Have at you, then, affection's men at arms.
Consider what you first did swear unto,
To fast, to study, and to see no woman;
Flat treason 'gainst the kingly state of youth.
Say, can you fast? your stomachs are too young;
And abstinence engenders maladies.
And where that you have vow'd to study, lords,
In that each of you have forsworn his book,
Can you still dream and pore and thereon look?
For when would you, my lord, or you, or you,
Have found the ground of study's excellence
Without the beauty of a woman's face?
From women's eyes this doctrine I derive;
They are the ground, the books, the academes
From whence doth spring the true Promethean fire
Why, universal plodding poisons up
The nimble spirits in the arteries,
As motion and long-during action tires
The sinewy vigour of the traveller.
Now, for not looking on a woman's face,
You have in that forsworn the use of eyes
And study too, the causer of your vow;
For where is any author in the world
Teaches such beauty as a woman's eye?
Learning is but an adjunct to ourself
And where we are our learning likewise is:
Then when ourselves we see in ladies' eyes,
Do we not likewise see our learning there?

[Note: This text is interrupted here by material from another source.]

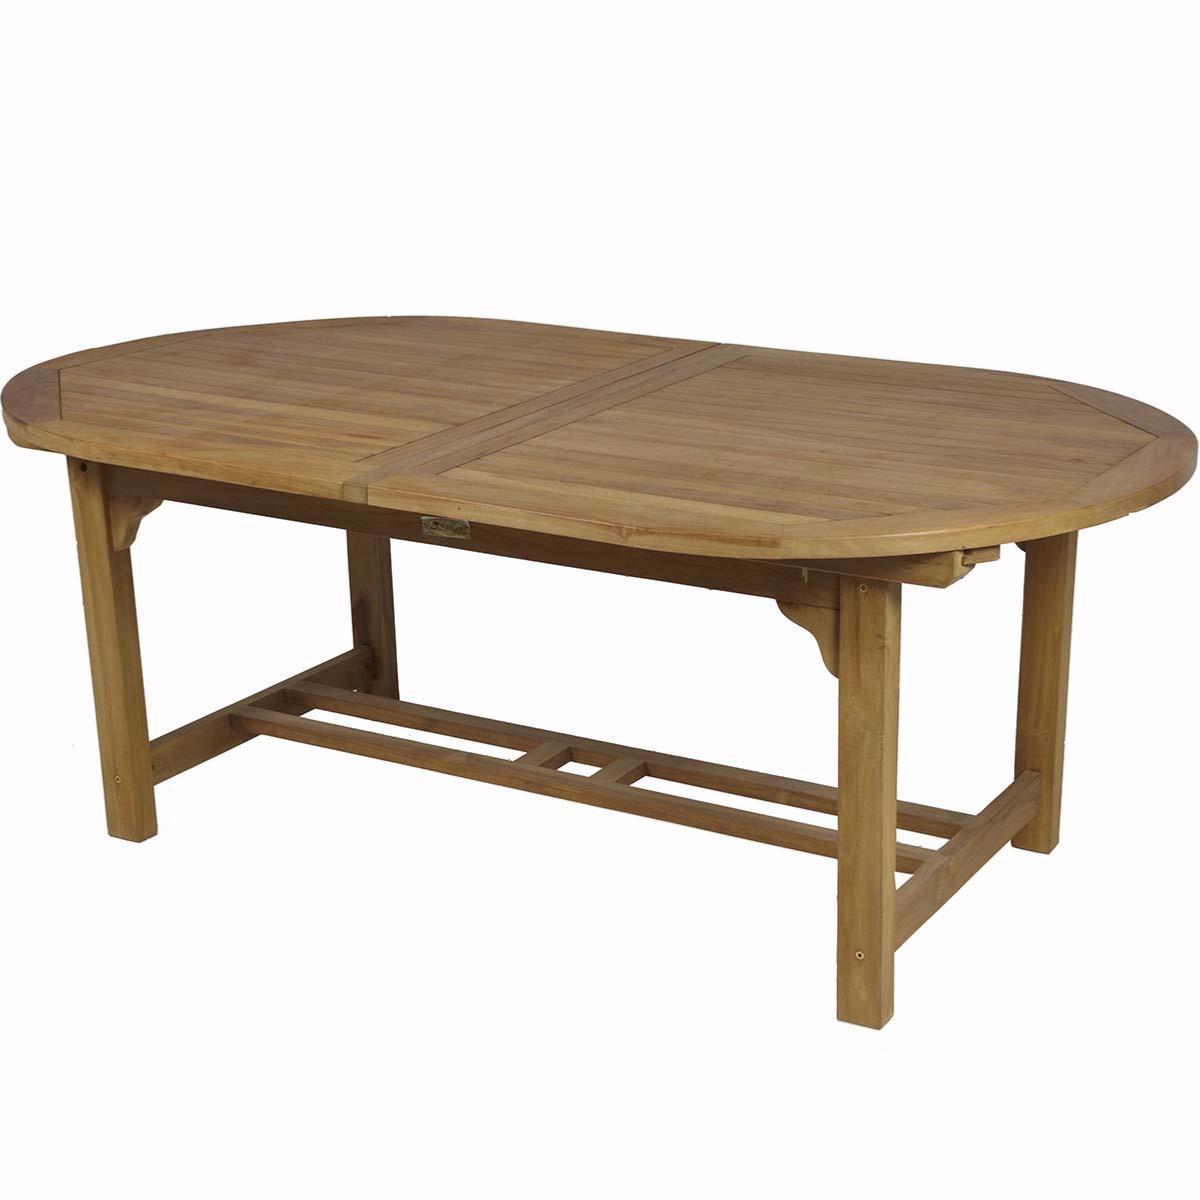 Mesa oval extensible teca jard n y exteriores - Mesa de teca ...

O, we have made a vow to study, lords,
And in that vow we have forsworn our books.
For when would you, my liege, or you, or you,
In leaden contemplation have found out
Such fiery numbers as the prompting eyes
Of beauty's tutors have enrich'd you with?

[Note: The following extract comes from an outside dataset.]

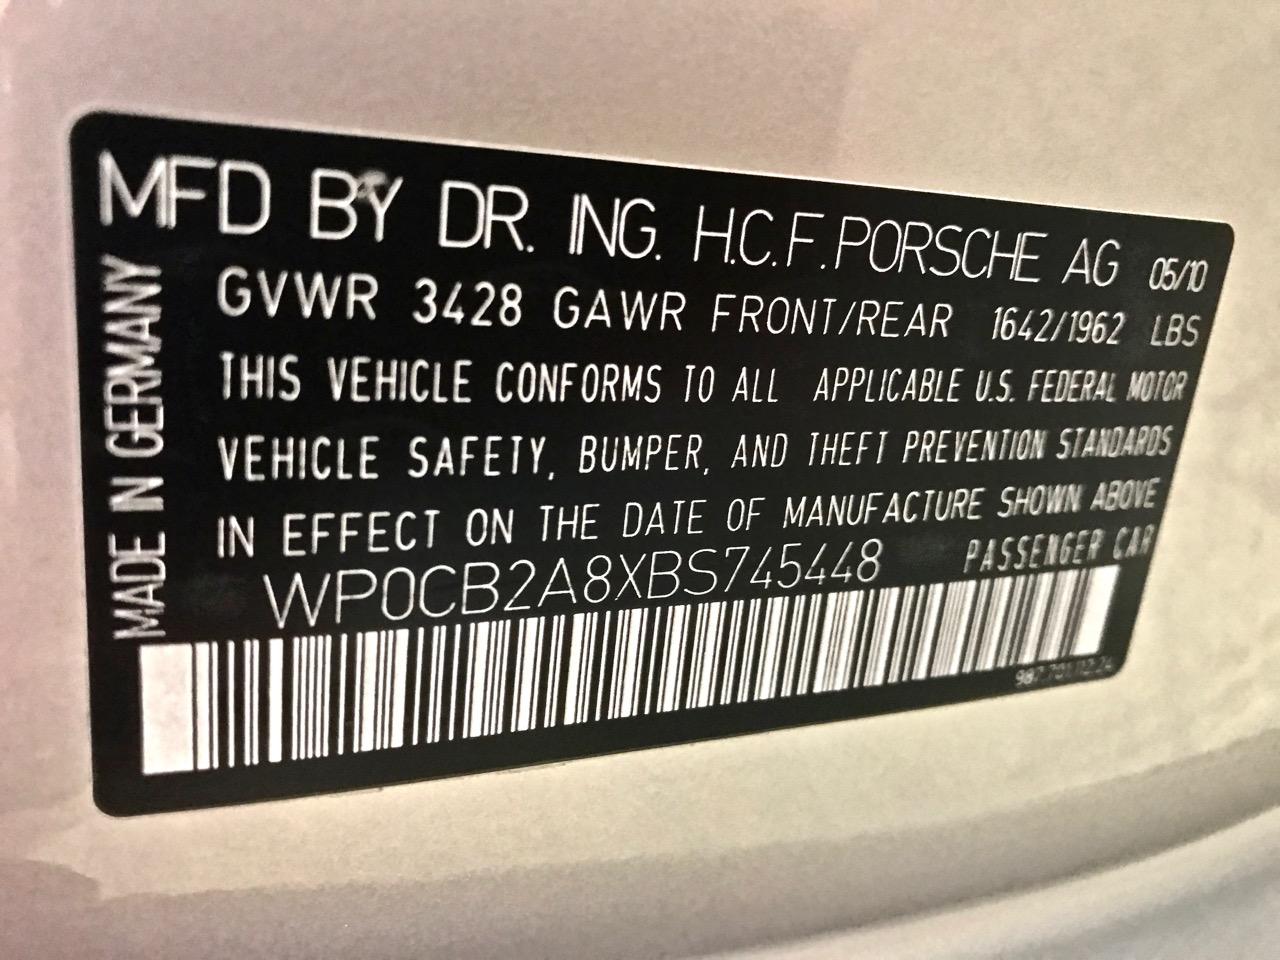 2011 Porsche Boxster Spyder (BS745448) - 25.jpg

Other slow arts entirely keep the brain;
And therefore, finding barren practisers,
Scarce show a harvest of their heavy toil:
But love, first learned in a lady's eyes,
Lives not alone immured in the brain;
But, with the motion of all elements,
Courses as swift as thought in every power,
And gives to every power a double power,
Above their functions and their offices.
It adds a precious seeing to the eye;
A lover's eyes will gaze an eagle blind;
A lover's ear will hear the lowest sound,
When the suspicious head of theft is stopp'd:
Love's feeling is more soft and sensible
Than are the tender horns of cockl'd snails;
Love's tongue proves dainty Bacchus gross in taste:
For valour, is not Love a Hercules,
Still climbing trees in the Hesperides?
Subtle as Sphinx; as sweet and musical
As bright Apollo's lute, strung with his hair:
And when Love speaks, the voice of all the gods
Makes heaven drowsy with the harmony.
Never durst poet touch a pen to write
Until his ink were temper'd with Love's sighs;
O, then his lines would ravish savage ears
And plant in tyrants mild humility.
From women's eyes this doctrine I derive:
They sparkle still the right Promethean fire;
They are the books, the arts, the academes,
That show, contain and nourish all the world:
Else none at all in ought proves excellent.
Then fools you were these women to forswear,
Or keeping what is sworn, you will prove fools.
For wisdom's sake, a word that all men love,
Or for love's sake, a word that loves all men,
Or for men's sake, the authors of these women,
Or women's sake, by whom we men are men,
Let us once lose our oaths to find ourselves,
Or else we lose ourselves to keep our oaths.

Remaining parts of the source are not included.